New Book: "Our Time Is A Garden"

"Under the Canopy" by Anupa Gardner www.anupagardner.com All rights reserved

The Institute is delighted to announce the release of our latest book, Our Time Is A Garden: New Nature Writing by Women and Nonbinary Writers of Colour, edited by Dr Alycia Pirmohamed. This is the first poetry collection published by IASH, and features works by a range of writers including Anthony Ezekiel (Vahni) Capildeo, Tim Tim Cheng, Marjorie Lotfi, Nina Mingya Powles, Jeda Pearl and two winners of the 2022 Edwin Morgan Poetry Award, Titilayo Farukuoye and Roshni Gallagher. Dr Pirmohamed's work is also featured, as well as commentaries on the poems, and a list of further reading related to nature writing.

The book is available to download for free here (opens as PDF), and as a limited edition pamphlet as part of our Occasional Papers series. To request a free copy, please email iash@ed.ac.uk.

Dr Alycia Pirmohamed is a Canadian-born poet based in the UK, and was the Junior Anniversary Fellow at IASH in 2021-22. She was previously a postdoctoral Creative Writing Fellow at the University of Liverpool. In 2020, Alycia was the winner of the Edwin Morgan Poetry Award. Alycia is the author of the chapbooks Hinge (ignitionpress), both a 2020 Poetry Book Society Pamphlet Recommendation and shortlisted for the Michael Marks Poetry Award, and Faces that Fled the Wind, selected by Camille Rankine for the 2018 BOAAT Press Chapbook Prize. In 2021, her chapbook Second Memorya creative non-fiction piece co-authored with Pratyusha, was co-published with Baseline Press (Canada) and Guillemot Press (UK). Alycia was the winner of the 2020 Pamet River Prize and her debut poetry collection, Another Way to Split Water was published with YesYes Books (US) and Polygon Books (UK) in 2022.

Dr Pirmohamed outlines the genesis of the book, contributing to the Institute Project on Decoloniality:

"Our Time Is A Garden" is part of a larger research project on radical landscape poetry. Five workshops were co-facilitated by artists and academics working in various areas of ecological writing. All the writers included in the pamphlet attended this workshop series as either attendees or guest speakers.

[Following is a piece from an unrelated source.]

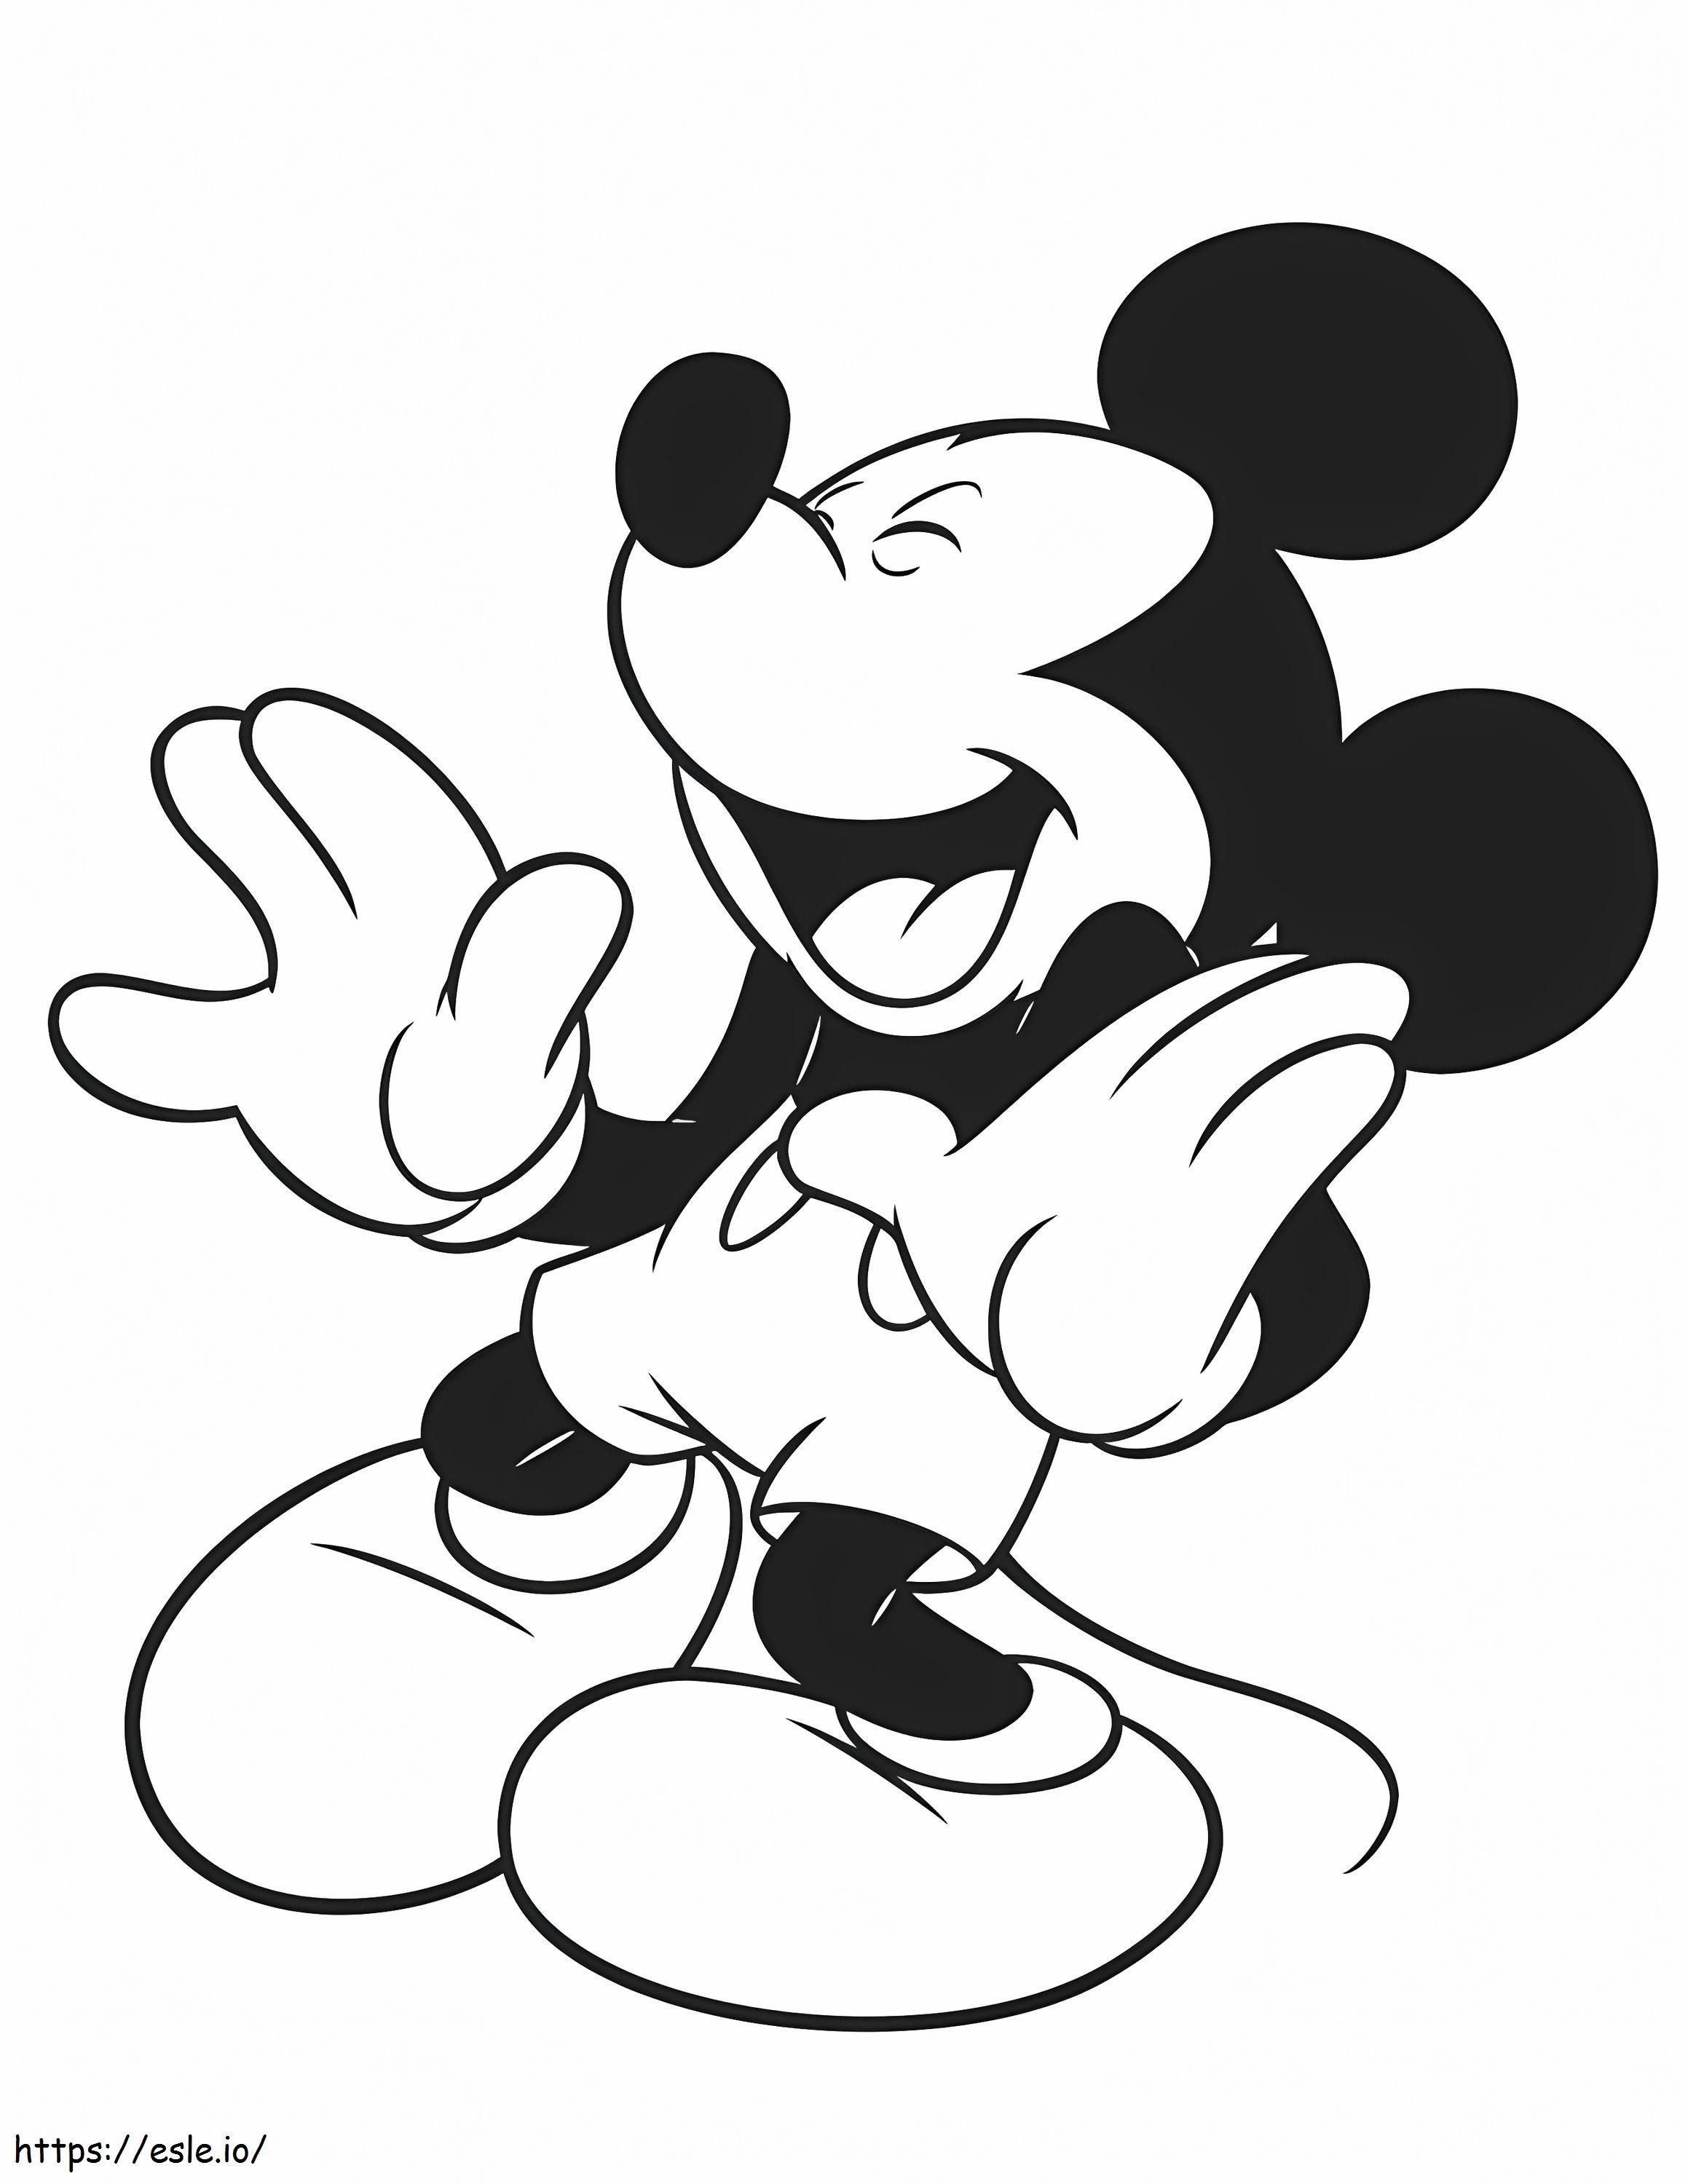  Mickey Mouse 27 9704 kleurplaat kleurplaat

The programme was open to poets at all stages in their careers and from any educational background. It aimed to develop writing skills and promote knowledge exchange by sharing interdisciplinary art and research.
 

Dr Shari Sabeti from the University of Edinburgh joined the course as a researcher of arts education to help explore how these sessions contributed to accessible learning, activism, and a sense of belonging or identity formation for participants. The workshops also aimed to decolonise the literary arts in Scotland, primarily by supporting the development of, and creating space for, new nature writing by women and nonbinary writers of colour.